Exemple 2: écoulement dans une canalisation de section variable. On suppose que la masse volumique est constante entre l’entrée et la sortie.

Le débit massique d’entrée a pour valeur: Qm1 = V1.S1.ρ

Le débit massique en sortie a pour valeur: Qm2 = V2.S2.ρ

Sachant que Qm1 = Qm2, la vitesse de sortie est :V2 = V1.S1 / S2.

Le débit volumique est constant.

Figure 2

Cas de l’écoulement de l’air autour de l’aile

Lors du déplacement de l’aile, l’air, initialement immobile, est mis en mouvement. Il est soulevé à l’avant de l’aile, contourne le bord d’attaque et est évacué par dessus l’extrados vers le bord de fuite. Les particules d’air se déplacent donc dans une direction opposée à celle du déplacement de la plaque. Ceci est explicité dans la figure 3 ci-dessous (les flèches rouges schématisent le déplacement).

Au niveau de l’intrados, l’air et repoussé vers l’avant et vers le bas.

Le flux d’air soulevé voit sa section de passage réduit lors du contournement du bord d’attaque, ce qui induit une augmentation de la vitesse (maximum à cet endroit). Celle-ci diminue ensuite consécutivement à l’étalement du flux.

V2 > V1 et V3

Figure 3 Aile en mouvement dans l’air immobile (réalité du vol)
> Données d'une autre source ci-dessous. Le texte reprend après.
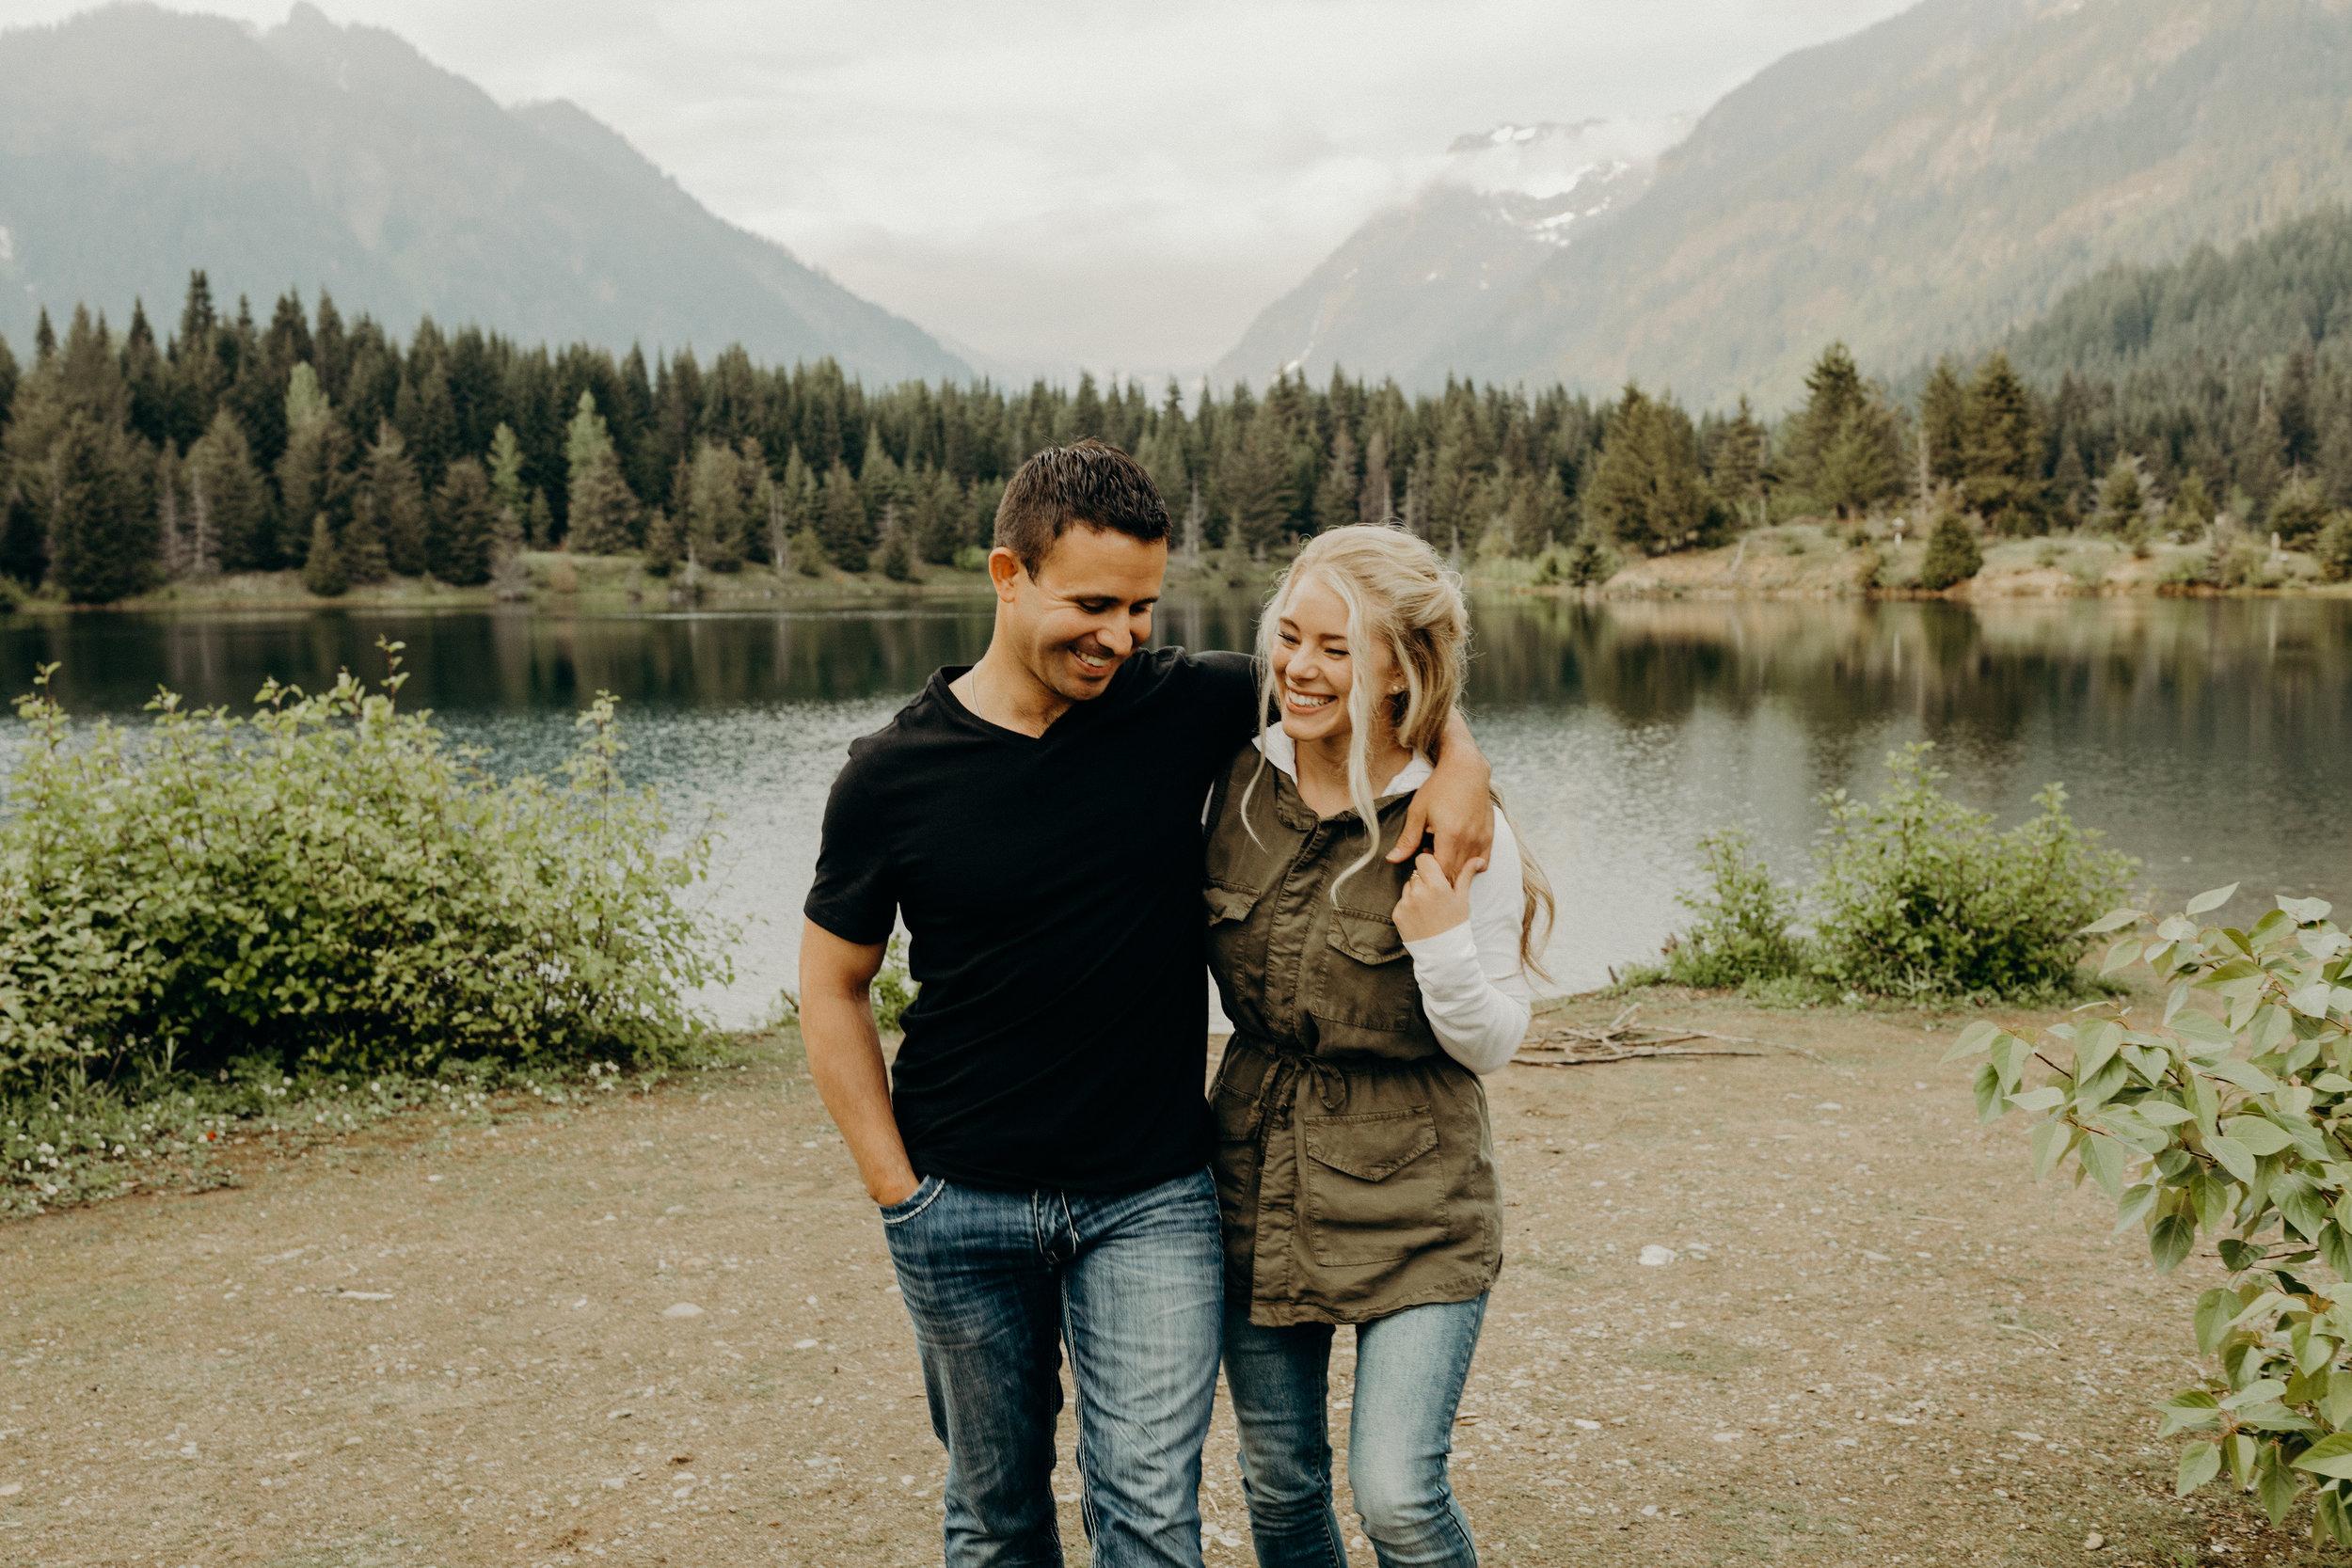 Snoqualmie-Gold-Creek-Pond-Engagement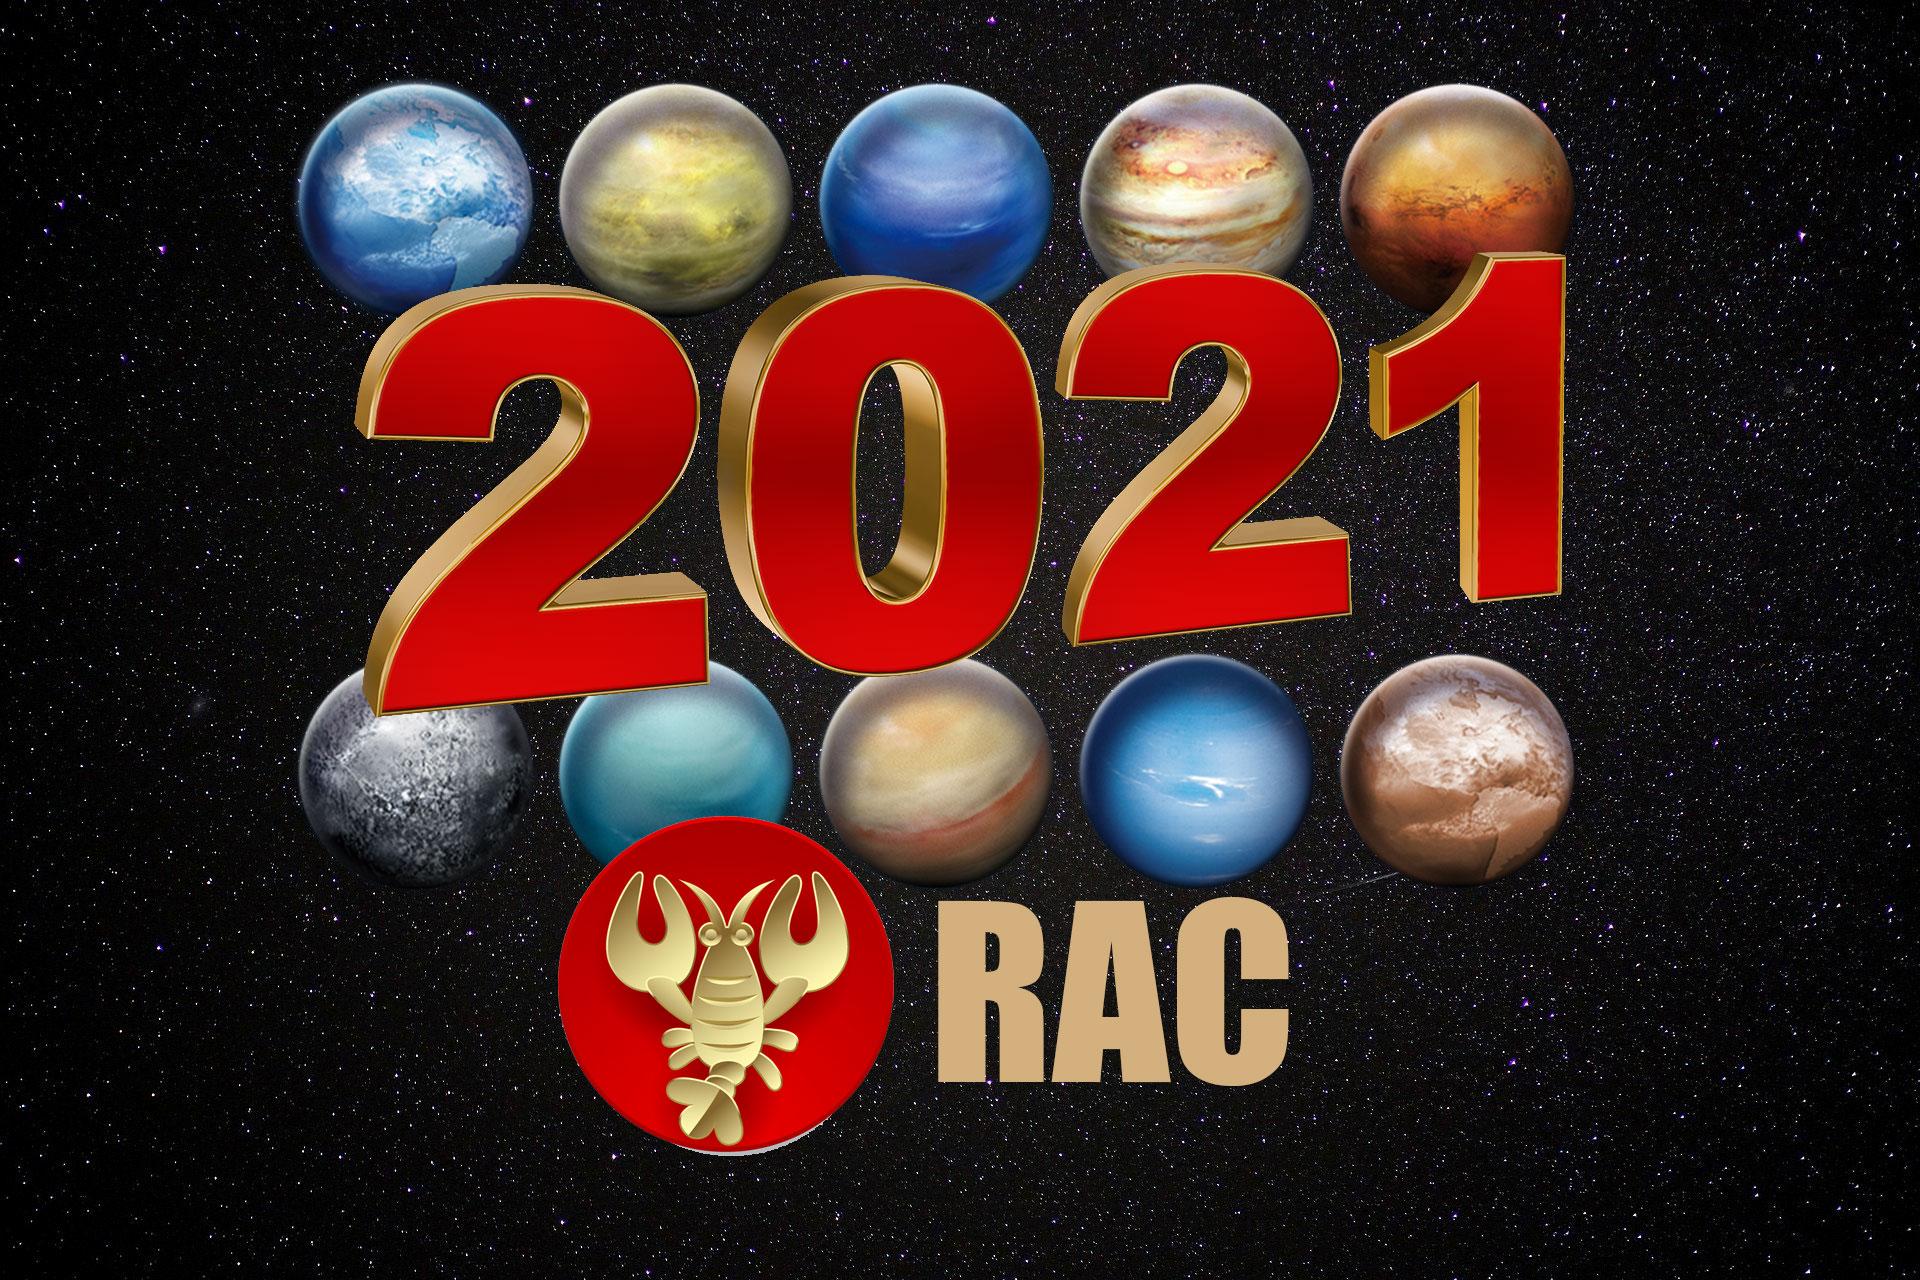 Horoscop 2021 Rac - bani, sănătate, dragoste. Decizii grele pe plan profesional

Exemple: NACA 2412 – profil de vitesse en soufflerie

Les figures 4 et 5 ci-dessous présentent les valeurs de vitesse (simulation) obtenues lors d’un essai en soufflerie. A l’inverse de l’exemple ci-dessus, on est donc ici dans le cas d’une aile fixe, soumise à de l’air en mouvement. Pour un observateur au sol, l’écoulement de l’air est évidemment différent du cas « aile en mouvement dans l’air immobile », mais on retrouve les mêmes caractéristiques concernant les variations de vitesse, en ce qui concerne particulièrement l’extrados. Voir figure 4 ci-dessous.

Figure 4 Aile fixe soumise à un flux d’air (soufflerie)

On considère ici une vitesse de l’air loin de l’aile de 100 kts. Les profils de vitesse sont présentés pour 2 incidences, à savoir 2° et 6°. L’abscisse des graphiques est exprimé en % de la longueur de la corde de profil de l’aile. 0% correspond au bord d’attaque, 100% au bord de fuite.

On constate que:

  • la vitesse maximum augmente avec l’incidence
  • le point de vitesse maximum est d’autant plus près du bord d’attaque que l’incidence est forte
Figure 5
Figure 6

Note: de façon générale, dans l’étude des écoulements autour de profil d’aile dans le domaine des basses vitesses, on considère souvent que le milieu est « incompressible », et ce malgré le fait que l’air est compressible. La masse volumique ρ est supposé constante, ce qui constitue une bonne approximation car les variations de celle-ci dans l’écoulement autour du profil sont négligeables en raison des faibles variations de pression.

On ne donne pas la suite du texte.